What Good Is Awareness if Mental Health Care Is Still Out of Reach?
- Heal the System

- May 29
- 3 min read
Updated: Jul 16
Every May, insurance companies roll out the marketing: mental health matters. But behind the awareness campaigns and event sponsorships for Mental Health Awareness Month is a harder truth — the same companies promoting access are often the ones making it harder to get care.
Insurance companies seem to have the answer. They have whole ad campaigns designed around it. North Carolina needs more trained therapists and psychiatrists – only then will mental health care be accessible to patients. It’s certainly part of the issue – there is no doubt we need more trained mental health professionals, especially for children. But that’s not the whole story and in fact, takes the focus off what the health plans are not doing. The best part – health plans don’t need any special funding or laws to make mental health care more affordable. It’s already law.
Health plans have several legal obligations to provide mental health care coverage to patients. It was not until fairly recently that most health insurance plans were required to cover mental health benefits and treat mental health benefits the same as other covered health services including how provider reimbursement rates are determined, prior authorization practices, network design, and utilization management practices to determine if a service is approved.
Despite these legal requirements, state enforcement is lax, and insurers continue to sidestep the law – especially in North Carolina, where there are significant discrepancies for in-network coverage and provider reimbursement rates compared to other medical professionals. Health plans have fought hard against recent federal rules that provide greater enforcement of these standards, likely because it will result in higher rates for clinicians, more care authorized, and greater transparency on how our dollars are being used on our own healthcare.
But let’s take the bait laid out by health plans: don’t we need more mental health providers?
What health plans are not telling patients is that high rates of mental health professionals do not take any insurance. In fact, a recent national survey shows a third of psychologists don’t accept insurance despite many of them previously doing so. The reasons mental health professionals choose not to take insurance are straightforward and well documented: reimbursement rates are low, administrative burdens high, and too many times the insurer puts barriers between a highly trained professional and their patient. The insurance company may question the treatment plan – often decided upon between the clinician and the patient – deny claims, or delay payments to providers.

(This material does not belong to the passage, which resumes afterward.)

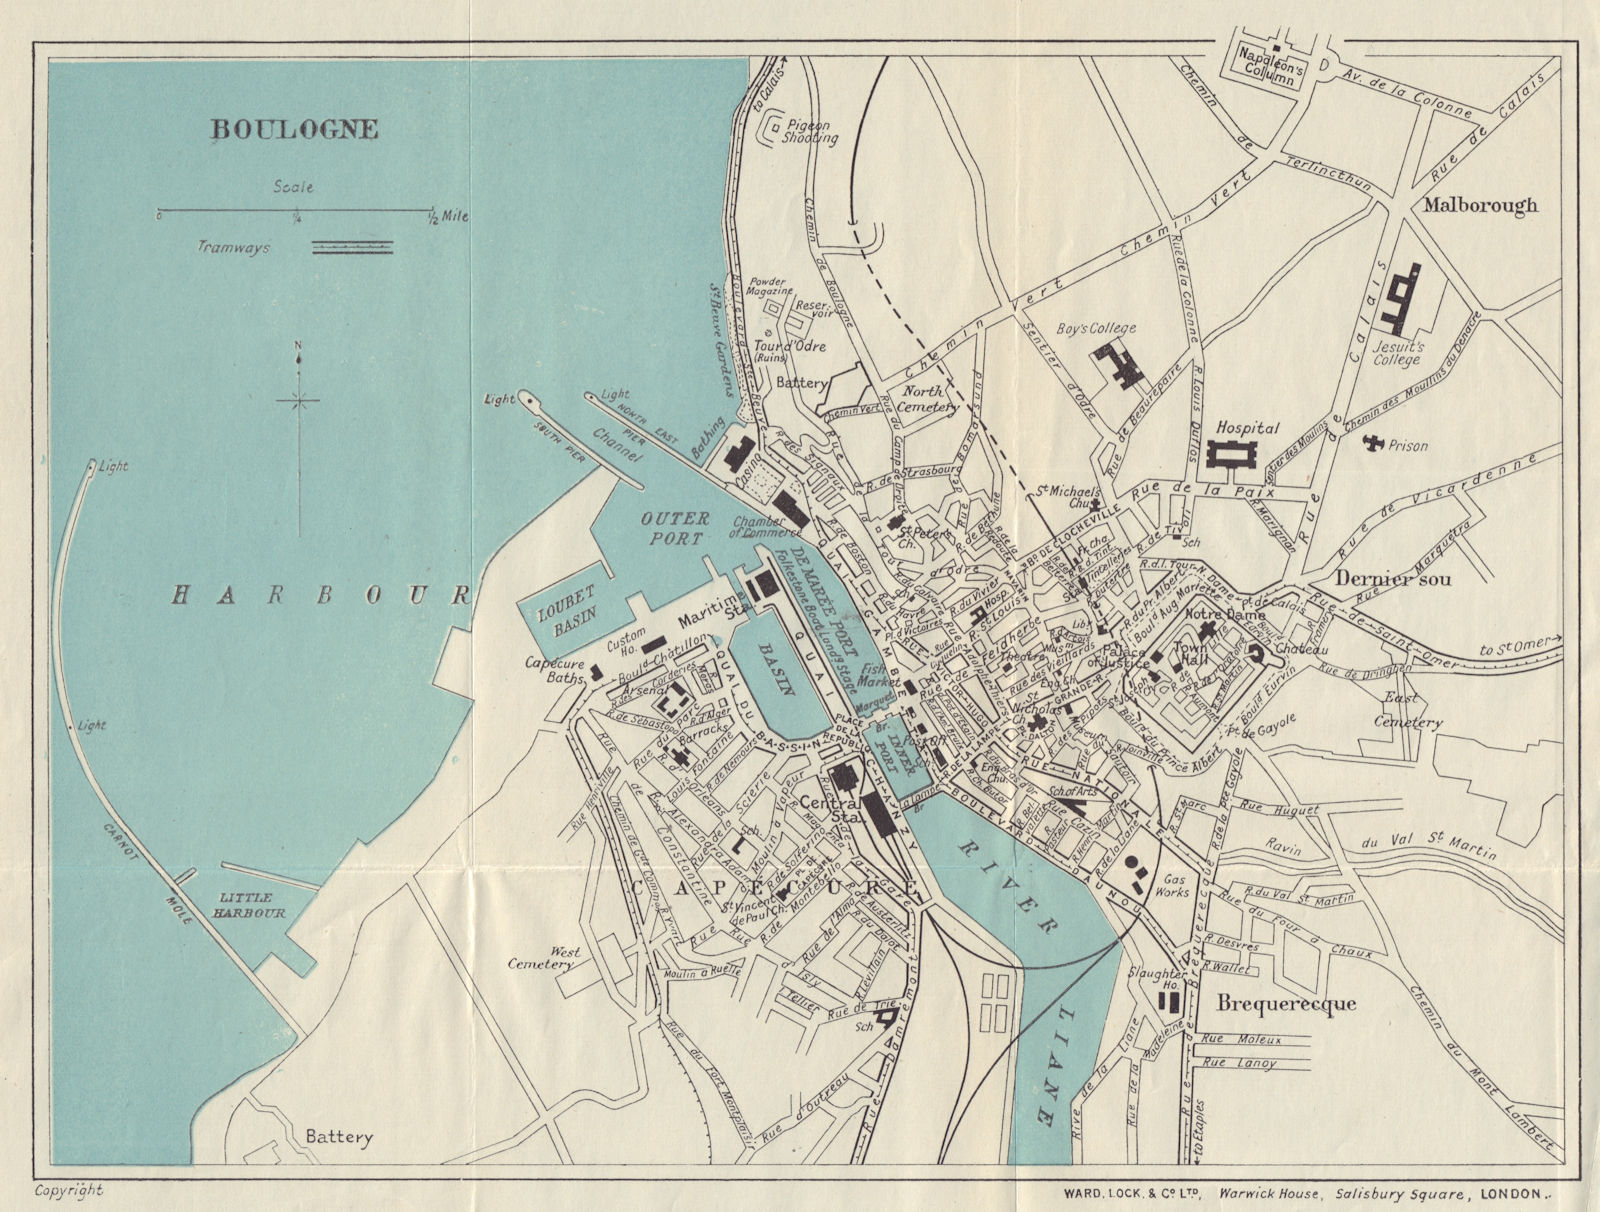 BOULOGNE vintage tourist town city plan. Pas-de-Calais. WARD LOCK 1924 old map

So while insurance companies are spending your money on fancy sponsorships for events that focus on how to fix the mental health system, they are diverting the focus away from their culpability that forces North Carolinians to pick up the tab, literally. There are countless stories of hardworking North Carolinians with “good” insurance budgeting for their child to see a therapist or psychiatrist who is self-pay. If health plans really cared about mental health access, wouldn’t they put their effort into addressing the reasons so many mental health providers say “thanks, but no thanks” to being in-network? And wouldn’t it be great if our policymakers demanded insurance companies work for us – the people paying for a service – rather than its shareholders? Other states like Illinois and New Mexico have passed laws to make sure health plans are playing by the rules. North Carolina hasn’t.
If we’re serious about honoring Mental Health Awareness Month, it’s time to stop the marketing campaigns and start making the law mean something.